Many considered George Owen Barnes (1827-1908), a native of Paintsville, Kentucky, one of America’s premier evangelists of the late-nineteenth century. His message was strictly non-denominational and was targeted to a more charismatic audience that believed in faith healing. His father, a Presbyterian minister for fifty years, made sure George received a good education: Centre College and Princeton University. Prior to beginning a church ministry, Barnes and his wife served as Presbyterian missionaries to India for seven years. Afterwards he held pastorates in Danville and Chicago.

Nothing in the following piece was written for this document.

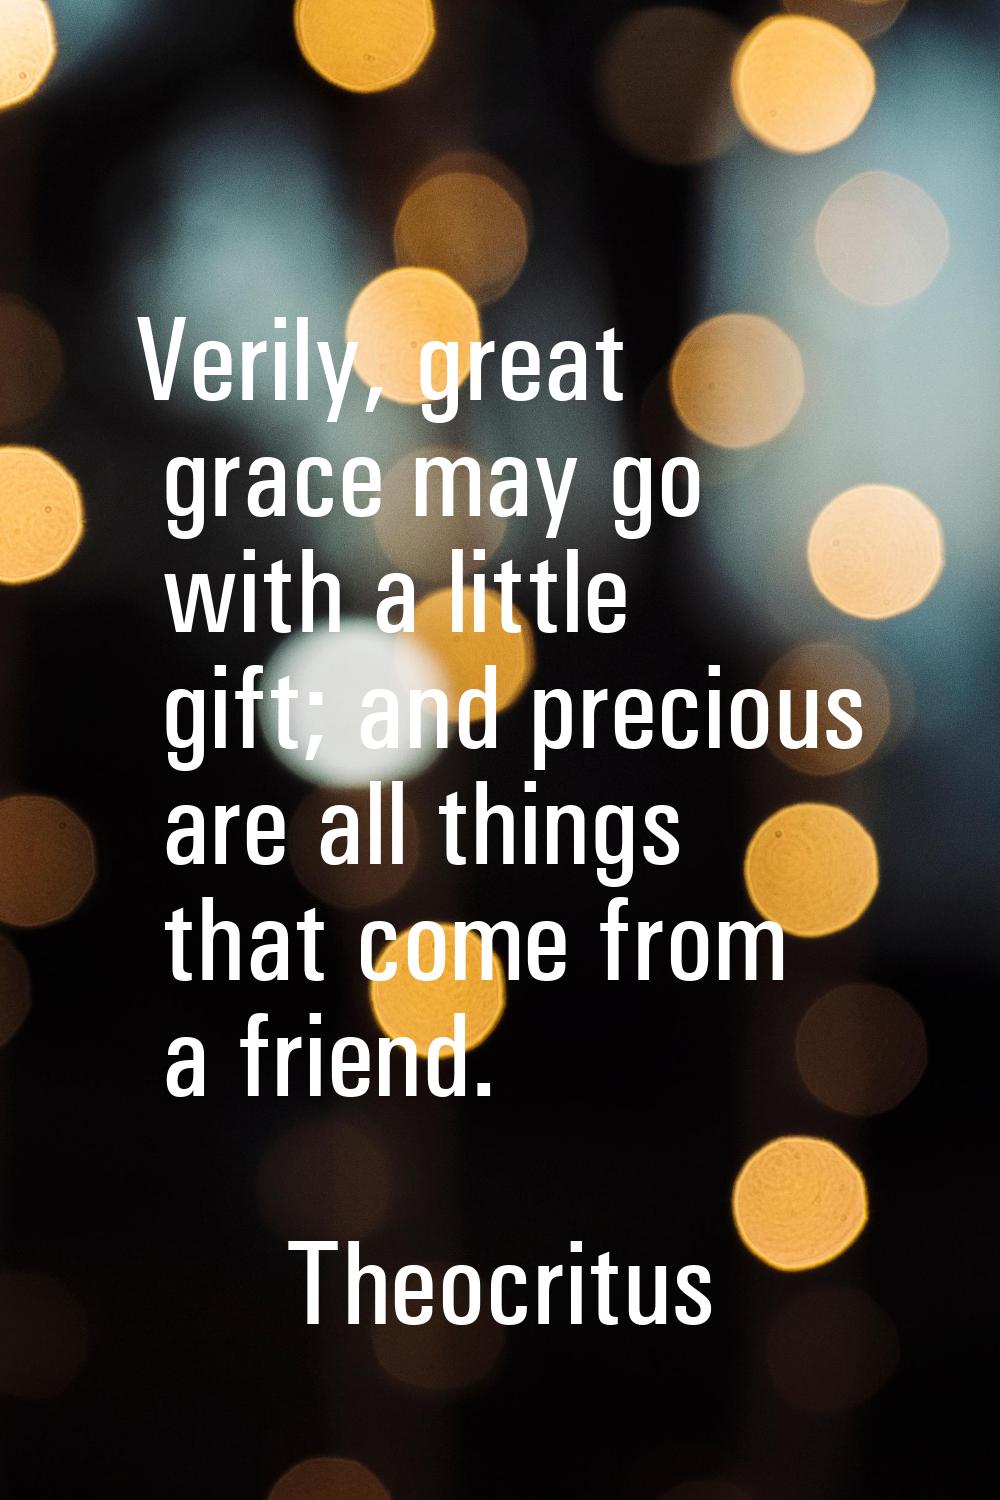 Verily, great grace may go with a little gift; and precious are all things that come from a friend.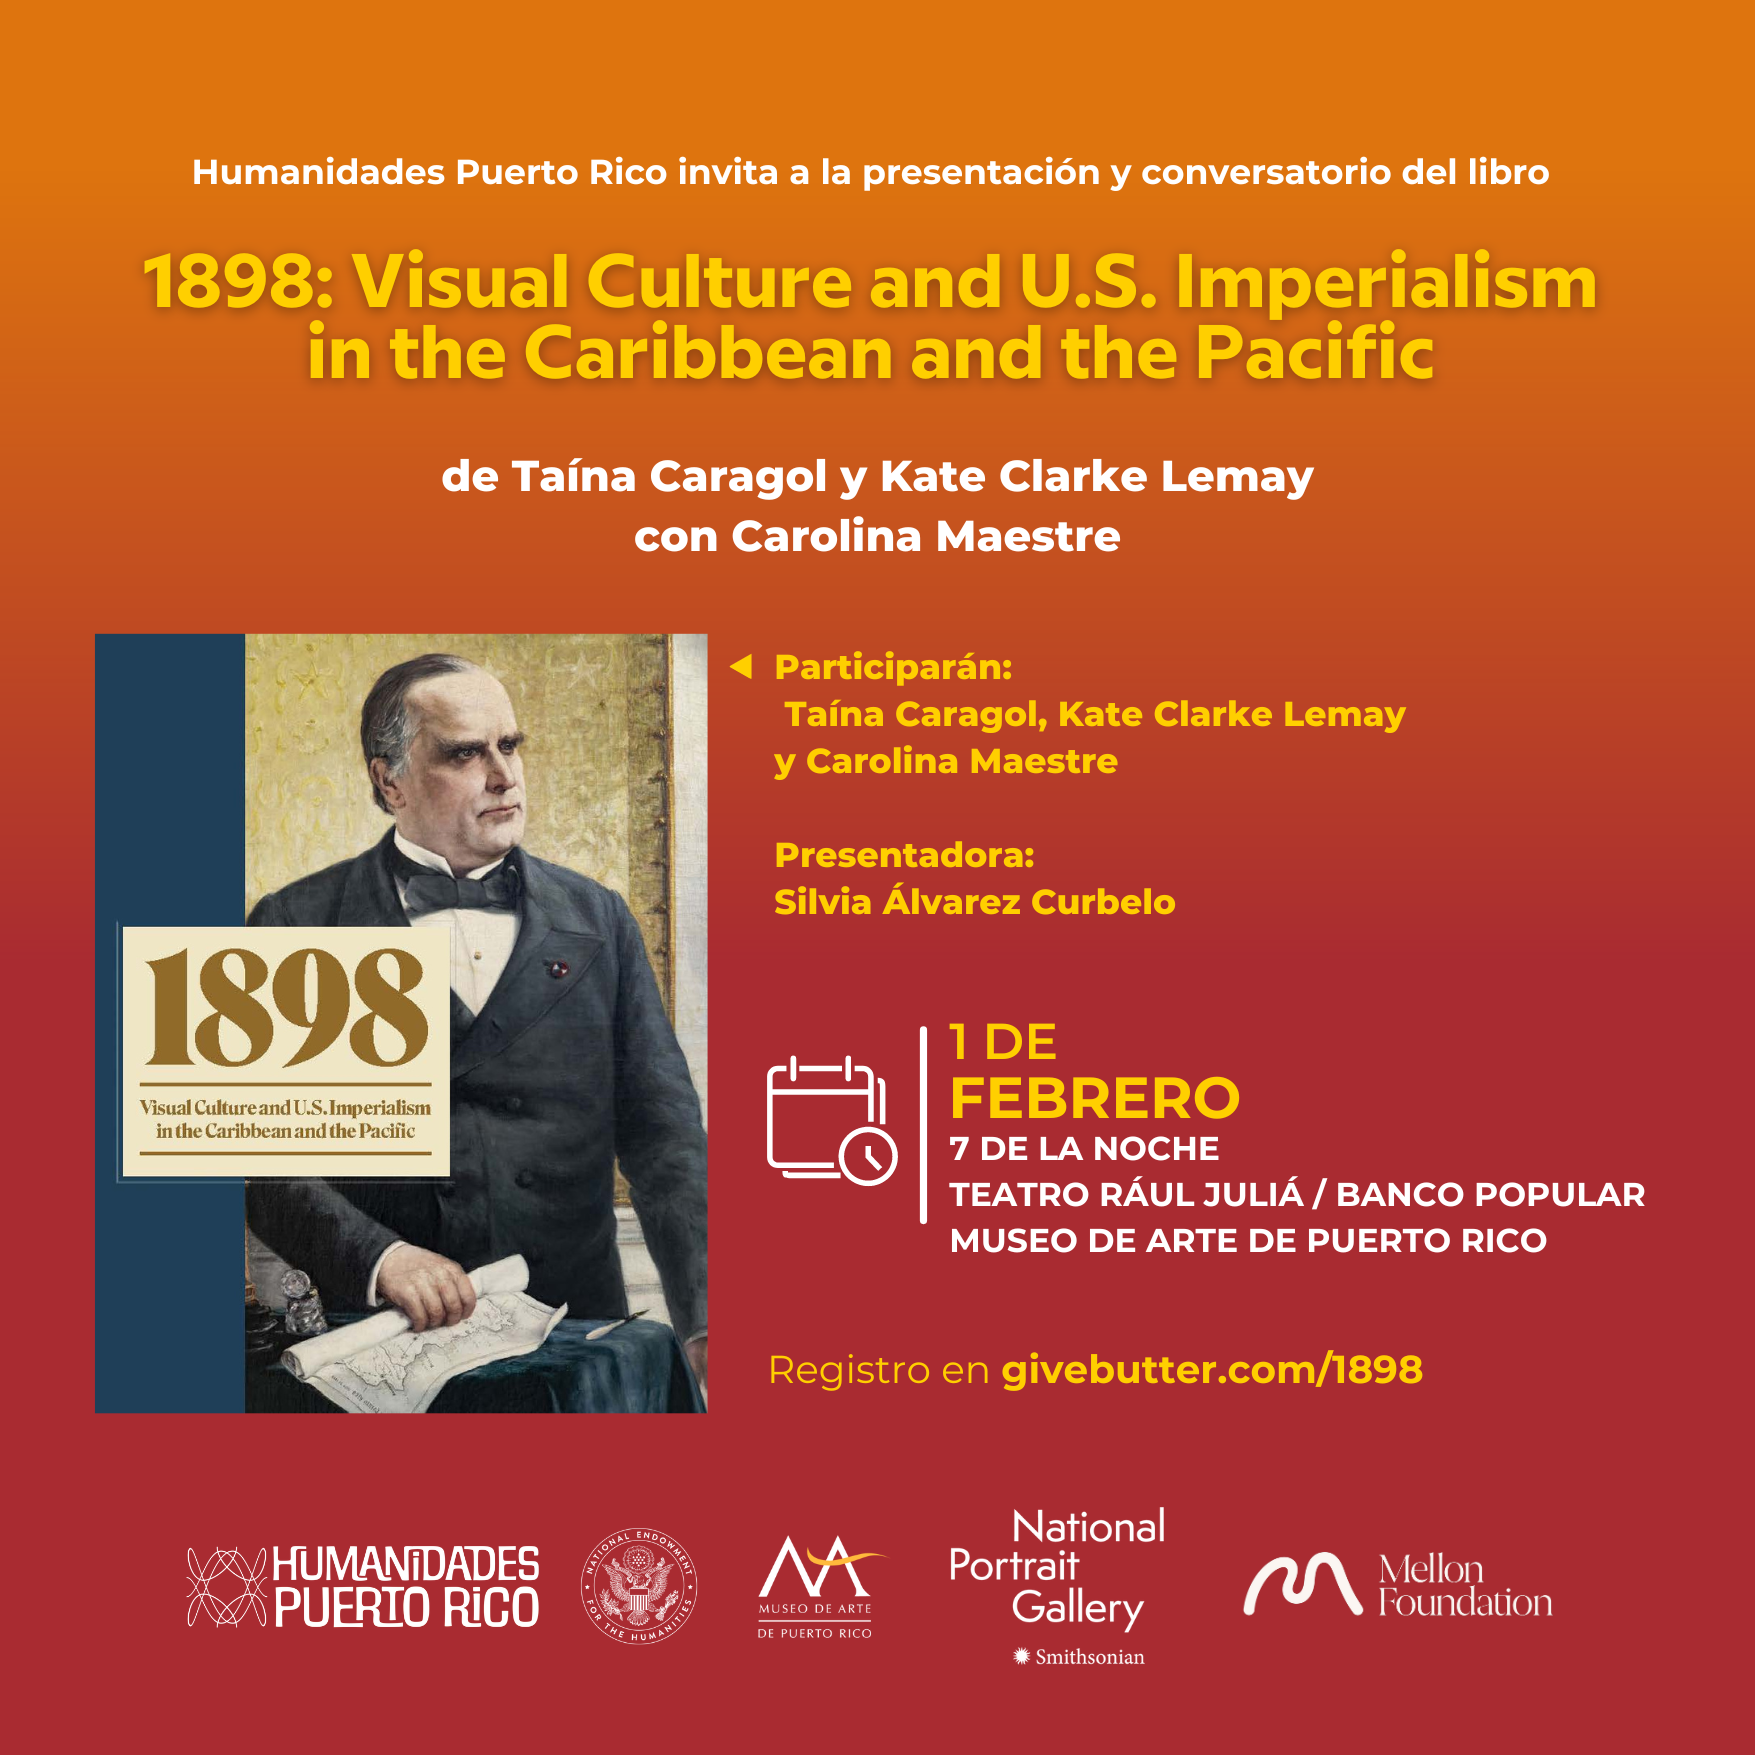 1898: Visual Culture and U.S. Imperialism in the Caribbean and the Pacific

In February 1882 Barnes and his equally talented wife, Marie, visited Bowling Green for a protracted meeting.
Reverend Barnes’s name came up recently, when Library Special Collections was allowed to copy a small collection of items removed from a family Bible. The items included a long clipping from an unnamed Louisville newspaper dated February 21, 1882. The main title was “About Barnes” but the clipping boasted a number of odd subtitles, i.e. “Pen and Ink Drawings of Two Persons Who Draw Better Than the Siamese Twins” and “Their Wonderful Seven Weeks’ Work in a City Full of Sinners.” This was all fine, until we discovered from the last subtitle “A Bowling Green Preacher’s Welcome” that the “city full of sinners” was Bowling Green, Kentucky.
The lengthy article is almost exclusively biographical and a large portion of it is missing. Fortunately Library Special Collections owns Barnes’ massive published journal titled Without Scrip or Purse, or The Mountain Evangelist, George O. Barnes: This History of a Consecrated Life, the Record of Its Silent Thoughts, and a Book of Its Public Utterances. In it we learn about the protracted meeting Barnes held in our fair city. The Bowling Green entries begin with the overall numbers from the meetings: “771 for the soul and 421 for the body”—referring to 771 “saved” souls during the meeting and 421 healed bodies. The report notes that the downtown Methodist Church hosted the first service on 21 February with about 150 present. The size of the crowd warranted moving it to the larger Baptist Church the following day. Six local ministers attended and endorsed the meetings. The following day while taking a hike to the boat landing, Barnes noted regrettably that the city had “twenty-five licensed saloons…a fearful array against our Lord.”
By the weekend, numbers swelled and organizers moved the meetings to Odeon Hall (the Opera House). On one day alone, February 26, 115 people were “saved.” Despite the soul and body cures, Barnes tried to remain humble. “I want my faith,” he opined, “to rest on the Word of the Lord, and not on success. That only a cup of refreshment.” Throughout the period Barnes worked in town, he took prolonged walks visiting the sick of soul and body. He often frequented the homes of African Americans. It was clear that his meetings were ecumenical and that he did not tolerate racial prejudice.
As he left Bowling Green on March 8, Barnes noted in his journal: “Left Bowling Green…rain pouring and almost a hurricane raging. Satan seemed, in spite, to be blowing us out of his stronghold, where in seventeen short days our Jesus had struck him so many deadly blows.”